In problem 9.33 the result is $A = \frac{μ_{0} m_{0} ω^{2}}{4 π c}$

Determine the average value of Poynting vector intensity.

Substitute $\frac{μ_{0} m_{0} ω}{4 π} \frac{\sin θ}{r} [\frac{1}{r} \sin [ω (t - \frac{r}{c})] + \frac{ω}{c} \cos [ω (t - \frac{r}{c})]]] \hat{ϕ}$ for $E$ and

$B = \frac{μ_{0} m_{0}}{4 π} \{\begin{array}{l} \frac{2 \cos θ}{r^{2}} [\frac{1}{r} \cos [ω (t - \frac{r}{c})] - \frac{ω}{c} \sin [ω (t - \frac{r}{c})] \hat{r}] \\ - \frac{\sin θ}{r} [\begin{array}{l} - \frac{1}{r^{2}} \cos [ω (t - \frac{r}{c})] + \frac{ω}{r c} \sin ω [(t - \frac{r}{c})] \\ + {(\frac{ω}{c})}^{2} \cos ω [(t - \frac{r}{c})] \end{array}] \end{array}\}$ for $B$ into equation (3).
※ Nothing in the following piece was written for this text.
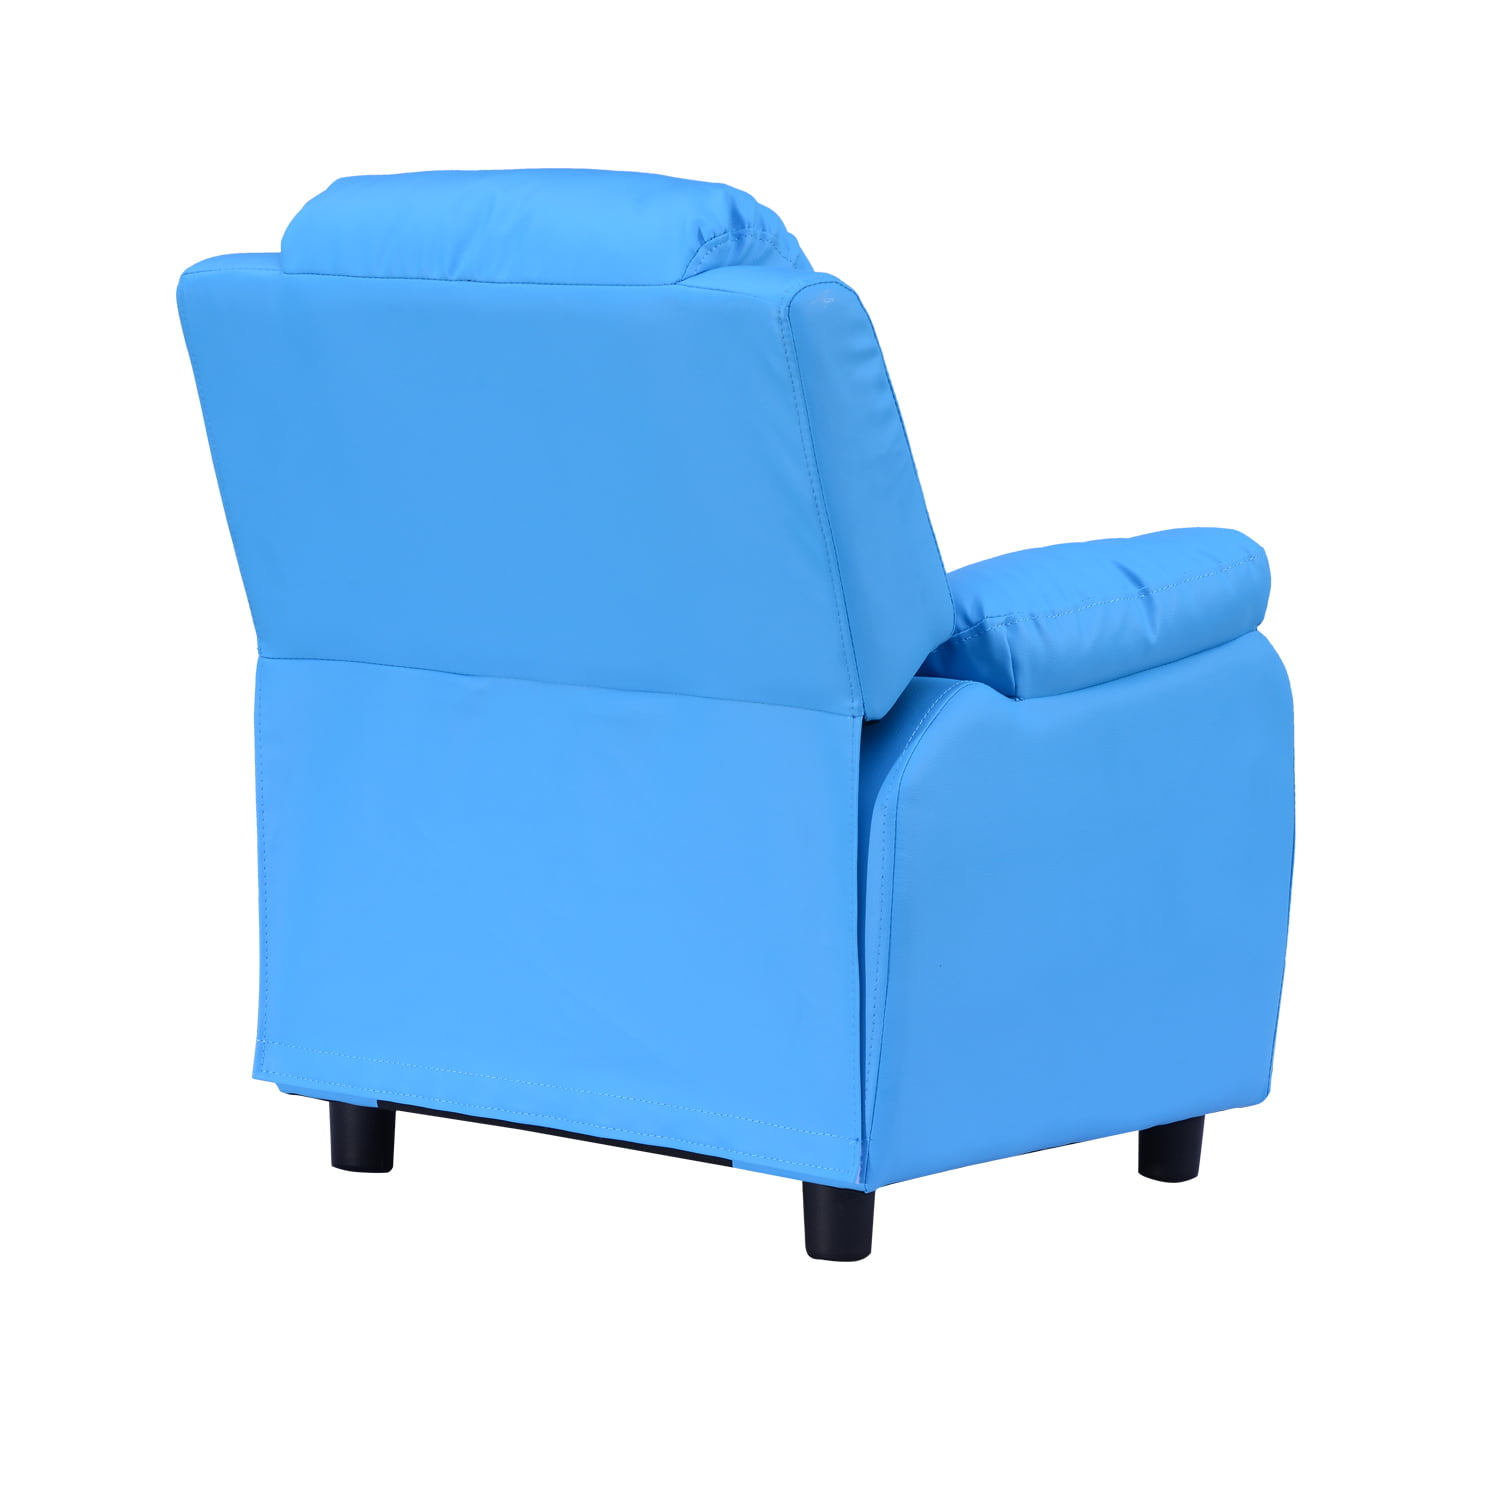 Blue Children Recliner Kids Sofa Armchair Room Furniture w/ Storage Arms

$\begin{array}{l} S = \frac{1}{c} (E \times B) \\ S = \frac{μ_{0} m_{0}^{2} ω^{3}}{16 π^{2} c^{2}} (\frac{\sin θ}{r^{2}}) \{\begin{matrix} \frac{2 \cos θ}{r} [(1 - \frac{c^{2}}{ω^{2} r^{2}}) \sin u \cos u + \frac{c}{ω r} (\cos^{2} u - \sin^{2} u)] \hat{θ} \\ + \sin θ [\begin{array}{l} (- \frac{2}{r} + \frac{c^{2}}{ω^{2} r^{3}}) \sin u \cos u + \frac{ω}{c} \cos^{2} u \\ + \frac{c}{ω r^{2}} (\sin^{2} u - \cos^{2} u) \end{array}] \hat{r} \end{matrix}\} \end{array}$

Here, $u = - ω (t - \frac{r}{c})$

Then average value of Poynting vector is intensity

$⟨ S ⟩ = \frac{μ_{0} m_{0}^{2} ω^{4}}{32 π^{2} c^{3}} \frac{\sin^{2} θ}{r^{2}} \hat{r}$

This is the same radiation intensity that we estimated using approximations.

Therefore, the average value of Poynting vector intensity is $< S > = \frac{μ_{0} m_{0}^{2} ω^{4}}{32 π^{2} c^{3}} \frac{\sin^{2} θ}{r^{2}} \hat{r}$ .